The “Incoterms 2020” are valid from 1.1.2020 and are intended to replace the previous clause “Incoterms 2010”. However, the new version is not a radical change.
The update is intended to simplify handling of the Incoterms, for example through a clearer and more user-friendly structure and a better comparability of the clauses among each other. Incoterms 2020, like all previous versions, are not binding. Furthermore, the parties may also use the Incoterms 2010 or even older versions. According to the ICC, Incoterms are used in 90 percent of all international contracts. There are seven clauses for all types of transport, four more for sea and inland waterway transport.
The most important changes
-The DAT (Delivered at Terminal) clause is changed to DPU (Delivered at Place Unloaded). Thus, in the future, any location may be the destination.
-For goods sold under the FCA (Free Carrier) clause and intended for sea transport (such as goods in containers), FCA intends to introduce a new option in the future. Buyers and sellers can agree that the buyer instructs his carrier to issue the seller with an on-board bill of lading after loading the goods. At the same time, the seller is obliged to hand over this on-board bill of lading to the buyer. This is typically done through participating banks.
-The insurance cover in the clauses CIF (Cost Insurance Freight) and CIP (Carriage Insurance Paid) will be adapted to current business practice.
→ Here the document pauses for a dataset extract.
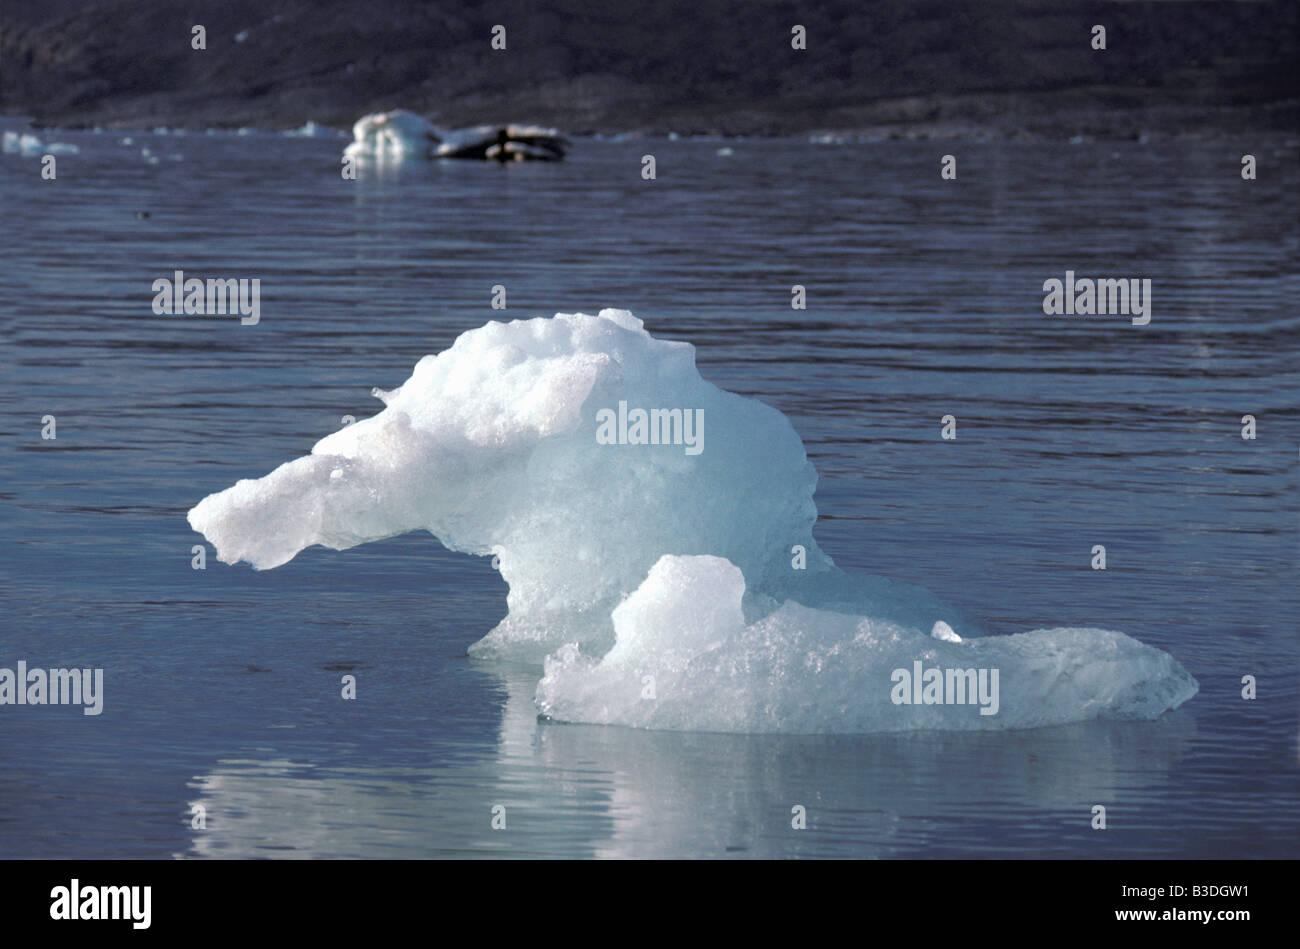 glace Iceberg Spitzberg Baie du Roi Arctic Astronomy Atmosphere Ambiance Atmospheres Ambiance Backlighting Back - Stock Image

So far, the seller has had insurance coverage in favor of the buyer at a minimum level covering a number of standard listed risks. Under the new rules, this minimum coverage will remain in place for CIF, while for CIP, standard insurance coverage has moved to more comprehensive all-risk coverage.
-The new Incoterms also take into account that more and more trading partners are organizing the transport of goods using their own means of transport. So far, it has consistently been assumed that the goods would be carried by a third-party supplier who was commissioned either by the buyer or the seller for this purpose (depending on which clause was used). However, it became clear in the discussions on Incoterms 2020 that there are situations in which the buyer or the seller wants to use their own means of transport to transport the goods. Therefore, in the Incoterms there will in future be the possibility of either concluding a contract of carriage or simply organizing the necessary transport itself.
-The last major innovation concerns the increased safety requirements for the carriage of goods. The Incoterms 2020 contain clear rules on the distribution of security obligations and the associated costs. An explicit distribution of security-related obligations has been added to many articles. The resulting costs are now more prominent in some articles.